There is no unity in feeblemindedness; the problem of the cretin belongs to the problem of endocrinology; the problem of the congenital syphilitic is the problem of syphilis; the problem of spastic diplegia and other spastic states, so often associated with idiocy, is a problem of trauma at birth, infectious disease, and the like. Occasionally it represents a failure in development, and there it is part of the problem of teratology and has no especial relationship to other types of feeblemindedness.

The conditions mentioned in the foregoing rarely have anything to do with heredity, or at least there is no obvious connection with defect or disease in an ancestor. They tend to be sporadic, to occur in families which cannot be differentiated from the ordinary groups in the community.
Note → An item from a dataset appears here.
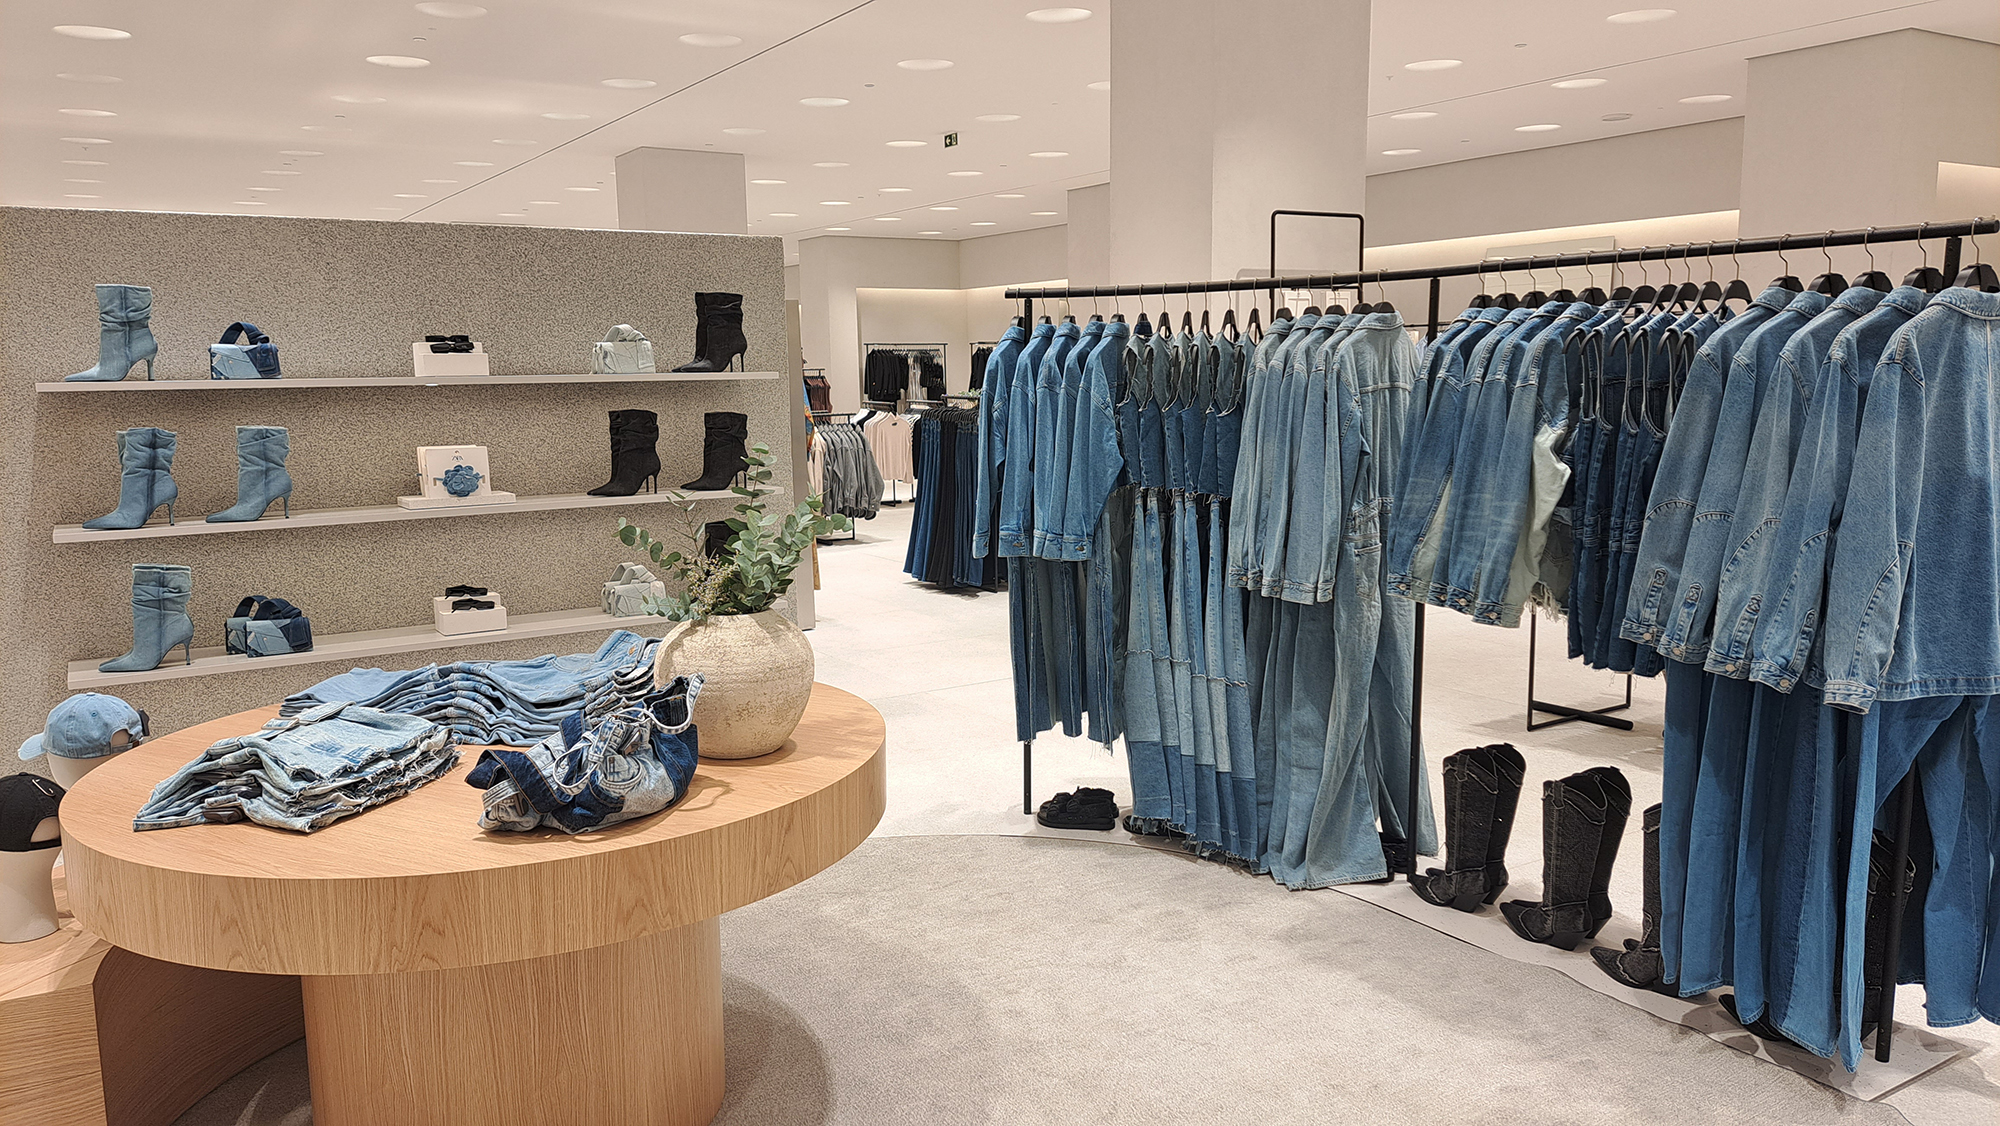 CONSUMO: Zara inaugura loja de 2 mil metros com novo conceito em

There also occur, especially among the more markedly defective, the idiots, cases in which nothing can be found that adequately explains the occurrence of the defect. As one studies the cases of marked defect, one is struck with the large number in which this represents a variation from the family level and without any hereditary background. I have as yet had no definite research experience with the higher grades of feeblemindedness, the moron type, which constitutes probably the largest group of the feebleminded. The data on which these are declared to be hereditary in origin, which appear in the textbooks and in the special writings of Goddard and Davenport, seem to me to be extremely faulty. Especially is there to be criticized as unscientific such family studies as "the Kallikaks" in which a field worker on the basis of hypothesis, guess, and intuition declares the dead and the quick feebleminded without the slightest definite reason for so doing. Making a diagnosis of moronity is a clinical matter attended with difficulties, but the field workers of Drs. Goddard

and Davenport have no difficulty in doing this on the basis of a court record, of a tradition, and of a cursory glance. That there are groups of the feebleminded in which the disease runs in families over one or more generations seems to be without doubt. How large a proportion this constitutes cannot be stated at present. It is unquestionably much smaller than has hitherto been assumed, and even in the cases in which it exists is not necessarily a fixed character persisting from generation to generation. It is interesting to note that the families founded by definitely known feebleminded persons discharged from Dr. W. E. Fernald's institution have not shown the inevitability of feeblemindedness in their descendants nor any trace of the much discussed prolificity which appears so conspicuously as a bogyman in the semiscientific and lay literature.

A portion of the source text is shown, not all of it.